God’s Undertaker
"If we are to believe many modern commentators, science has squeezed God into a corner, killed and then buried him with its all-embracing explanations. Atheism, we are told, is the only intellectually tenable position, and any attempt to reintroduce God is likely to impede the progress of science. In this stimulating and thought-provoking book, John Lennox invites us to consider such claims very carefully."
-- from the back cover
In my opinion, many of the Christian apologists of our day really minister more to believers, perhaps confirming them in their faith, than actually engaging unbelievers in an intellectually rigorous and winning way. John Lennox is a notable and welcome exception.
-- from the back cover
Having heard Lennox speak in person, as well as followed some of his debates and written works, I have consistently been impressed -- and challenged -- by the genuineness and genius with which he addresses the issues of our society. God's Undertaker is perfect case in point.

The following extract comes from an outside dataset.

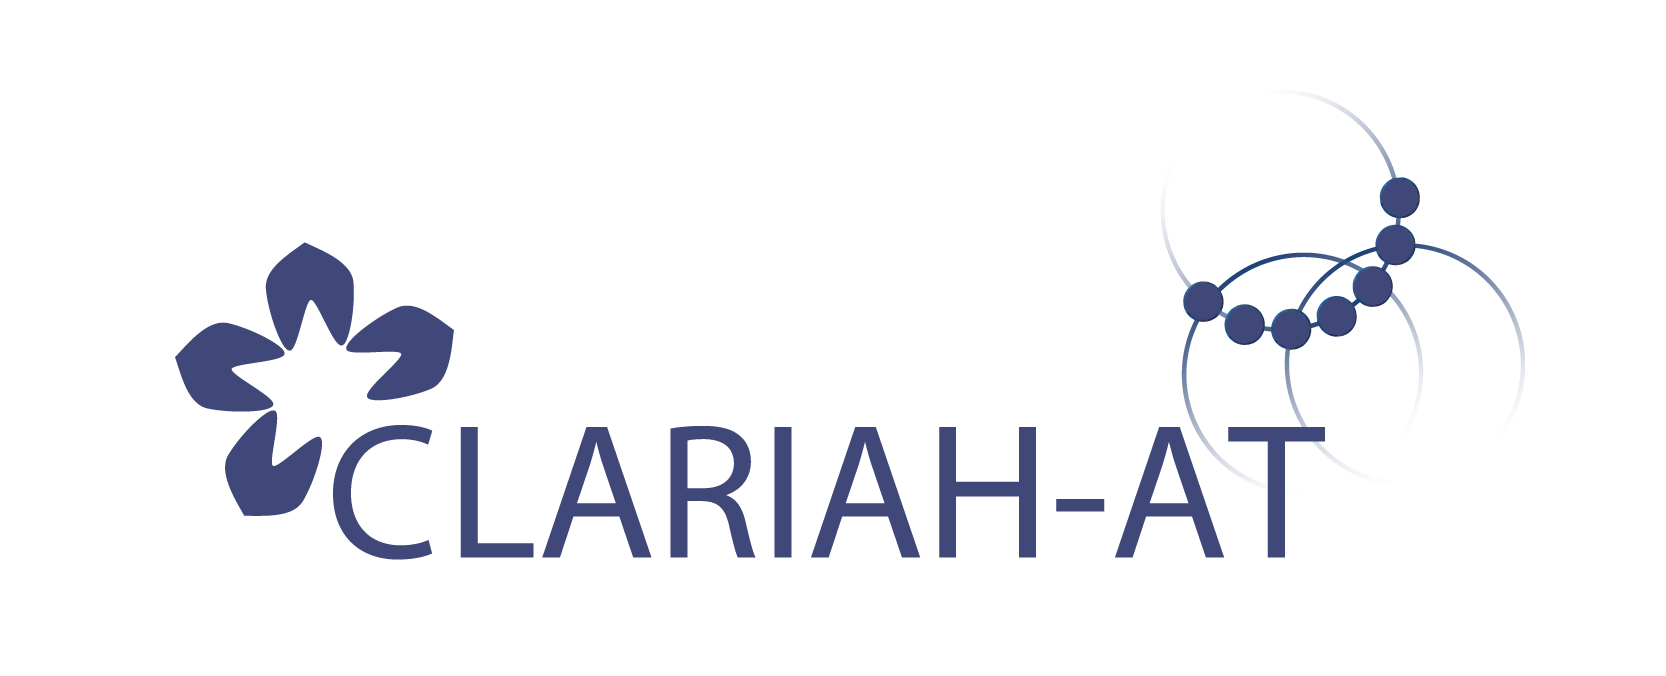 CLARIAH-AT Consortium Logo

While several Christian apologists have addressed whole works to refuting the popular athesim of men like Richard Dawkins and Christopher Hitchens, these efforts have necessarily been limited in the range of questions they consider and have been largely reactionary (addressing the claims of Dawkins and/or Hitchens, but not going on the offensive to stake out new or ground-breaking intellectual territory for Christianity). Lennox wisely opens his work up to larger questions and issues than just the neo-Darwinists (although he does address their arguments) and, as a result, makes his work a stand-alone classic of Christian philosophy and science.
While there are certainly portions of the book that stretched this non-scientist's mind, the vast majority of it was accessible, engaging, and thought-provoking for any reader interested in this important discussion.
Lennox -- who jokes that he is "perishing by degrees" with his MA, PhD, DPhil, and DSc and who is Professor in Mathematics at the University of Oxford -- comes to the table well-prepared and well-qualified to represent a rigorously intellectual Christianity. The fact that he was a once student under C.S. Lewis further endears him to me personally.
While there are certainly portions of the book that stretched this non-scientist's mind, the vast majority of it was accessible, engaging, and thought-provoking for any reader interested in this important discussion.
While summarizing a work of this depth and scope is impractical for a lowly blog entry, I will encapsulate the overall accomplishment by contending that Lennox has in each chapter and with each topic laid out such careful and devastatingly thorough argumentation that, at least on the issues considered, it is hard to imagine any intellectually satisfying reply.
And, as a Christian, I especially appreciate that he pulls this off with an often-humorous, always-winning way of communicating.
From overarching considerations such as the limitations of science, the nature and scope of evolution, and the appearance of design in the universe, to specific questions raised by the genetic code and its origin, God's Undertaker more than challenges the common contention that science has buried God -- it positively and convincingly contents that the opposite is true and that "theism sits more comfortably with science than atheism."
And, as a Christian, I especially appreciate that he pulls this off with an often-humorous, always-winning way of communicating.
Having said that, I encourage you not to take my word for it, but to read the book for yourself and wrestle with its substantial implications -- whether you are a Christian believer or not.
I will conclude, then, with just a few of many worthwhile quotes from Lennox's book:
"There is clearly no inconsistency involved in being a passionately committed scientist at the highest level while simultaneously recognizing that science cannot answer every kind of question, including some of the deepest questions that human beings can ask. . . It is one thing to suggest that science cannot answer questions of ultimate purpose. It is quite another to dismiss purpose itself as an illusion because science cannot deal with it."
"Because God is not an alternative to science as an explanation, he is not to be understood merely as a God of the gaps. On the contrary, he is the ground of all explanation: it is his existence which gives rise to the very possibility of explanation, scientific or otherwise. . . Rational intelligibility is one of the main considerations that have led thinkers of all generations to conclude that the universe must itself be a product of intelligence."
"Natural selection is not creative. . . selection has no innovative capacity: it eliminates or maintains what exists."
"Inevitably, of course, not only those of us who do science, but all of us, have to choose the presupposition with which we start. There are not many options -- essentially just two. Either human intelligence ultimately owes its origin to mindless matter; or there is a Creator. It is strange that some people claim that it is their intelligence that leads them to prefer the first to the second."